To top it all off, Blomkamp has the gall to end the film without any real resolution, even after taking his central character, an essentially unlikable weasel of a man, on a fully realized character arc that never once feels false or contrived. There are so many questions left unanswered that there is plenty of room for a sequel, but that sense of the unknown is just too powerful. It's an invigorating, thrilling narrative of surprising emotional depth, and Blomkamp steers it with the eye of a born storyteller, refusing to give into the urge to turn it into just another alien invasion movie. These aliens feel
real, and they have real personalities to match. He actually makes us feel for these initially off-putting insectoids, they are more human than the humans are. And while some of the peripheral characters may be painted in broad, cartoonish strokes, Winkus and Christopher Johnson always remain grounded, with Winkus going from despicable minion to unlikely hero to self serving jerk and back again. It's quite daring to have the film's protagonist be such an inherently disgusting character, but it makes his personal journey all the more compelling.

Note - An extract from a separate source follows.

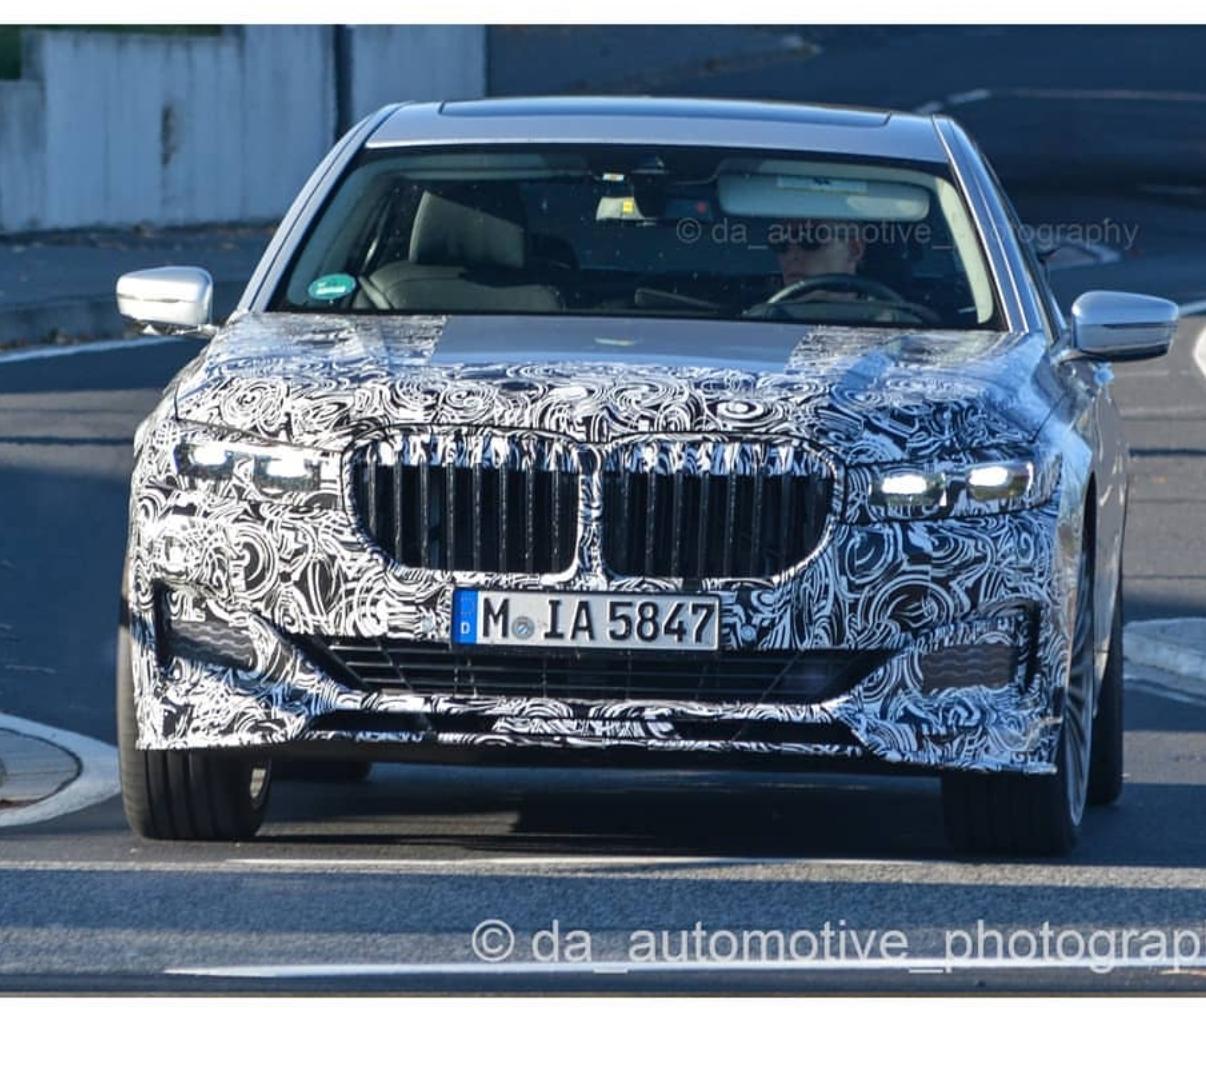 2019 - [BMW] Série 7 restylée  - Page 4 Attachment
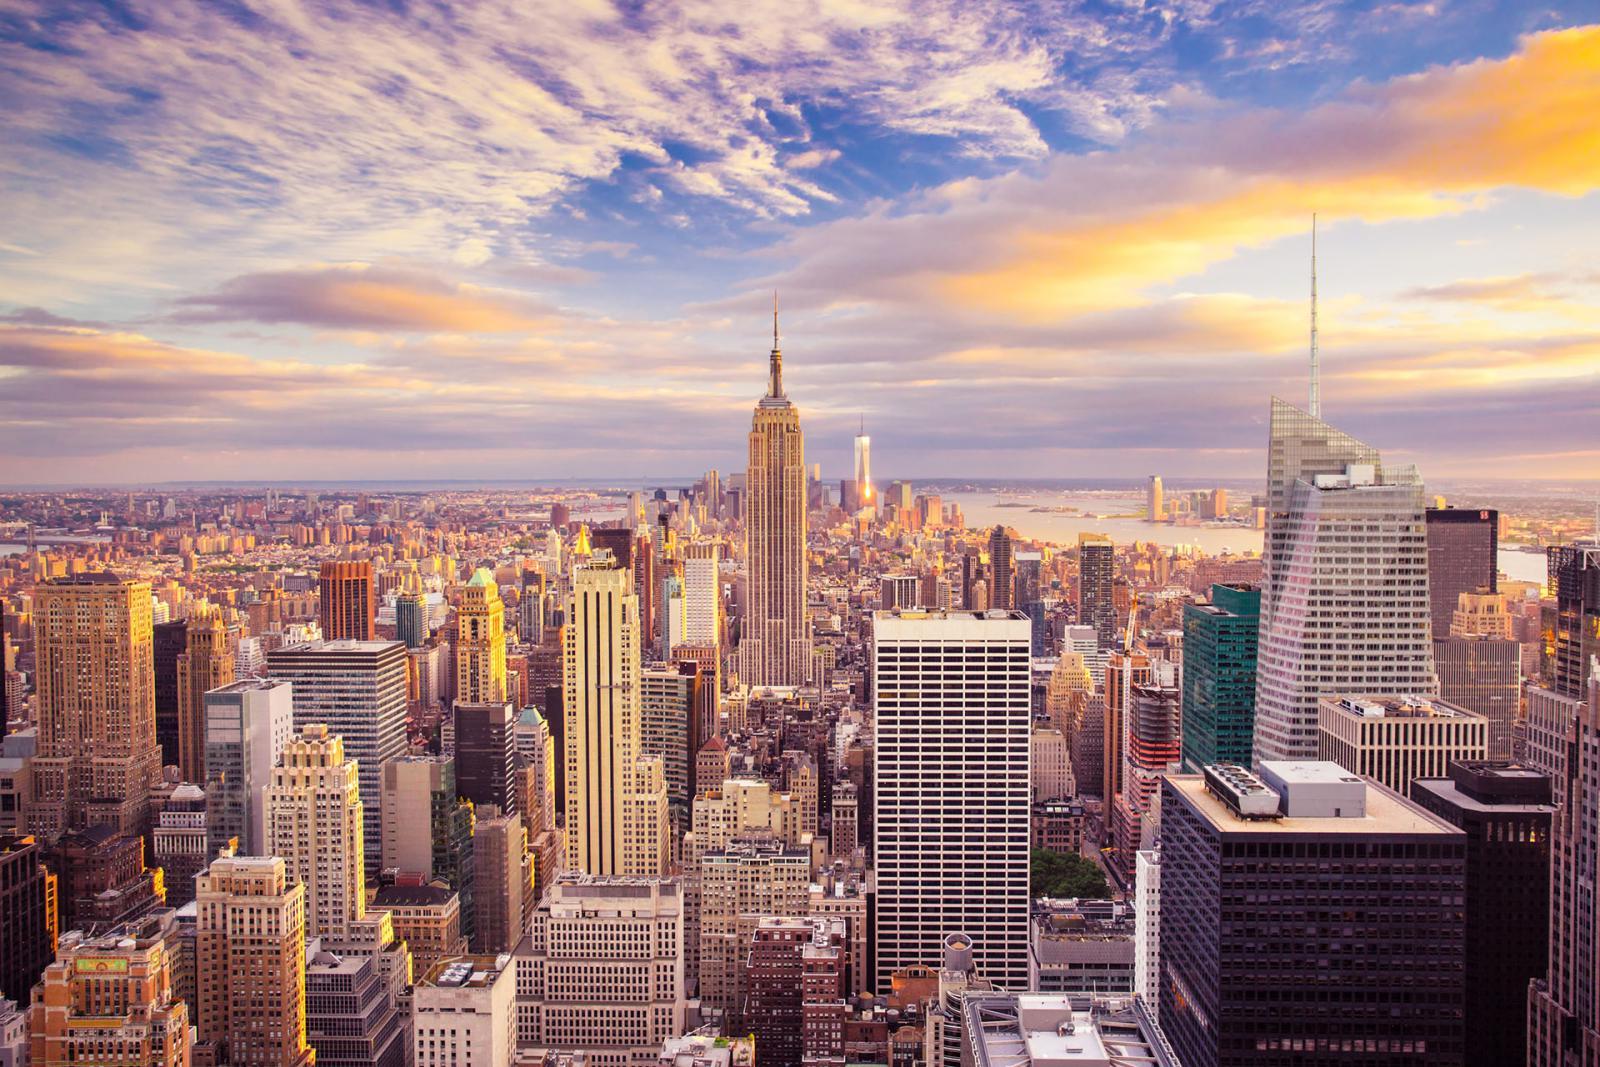 USA Direktflüge (New York, San Francisco) - Nonstop ab 268€ Hin und Rückflug von Frankfurt (Dez - Jun)

One of science fiction's greatest writers, Arthur C. Clark, sums it up best
;
There's no real objection to escapism, in the right places... We all want to escape occasionally. But science fiction is often very far from escapism, in fact you might say that science fiction is escape into reality... It's a fiction which does concern itself with real issues: the origin of man; our future. In fact I can't think of any form of literature which is more concerned with real issues, reality.
District 9
, in fact, is a near perfect blend of both. It is both a thrilling summer action film and a deeper exploration of timely and important themes. Blomkamp has managed to mix escapism with intelligent allegory, making a film that is both grand entertainment and an outright repudiation of the mindless frat boy culture that so often dominates the multiplexes in the summer. I don't remember the last time we saw such an exciting and intellectually adept summer blockbuster from a first time director. District 9 isn't just great science fiction, it's great filmmaking period. This is the kind of film that not only restores faith in mainstream filmmaking, but in the art form as a whole.

GRADE - ★★★½ (out of four)

DISTRICT 9; Directed by Neill Blomkamp; Stars Sharlto Copley, Vanessa Haywood; Rated R for
bloody violence and pervasive language.

Comments

Sam Juliano said…
Yes, it is indeed 'not just great science fiction' but 'great filmmaking' as well. Superb review!

For me it's one of teh best films of 2009 at this point.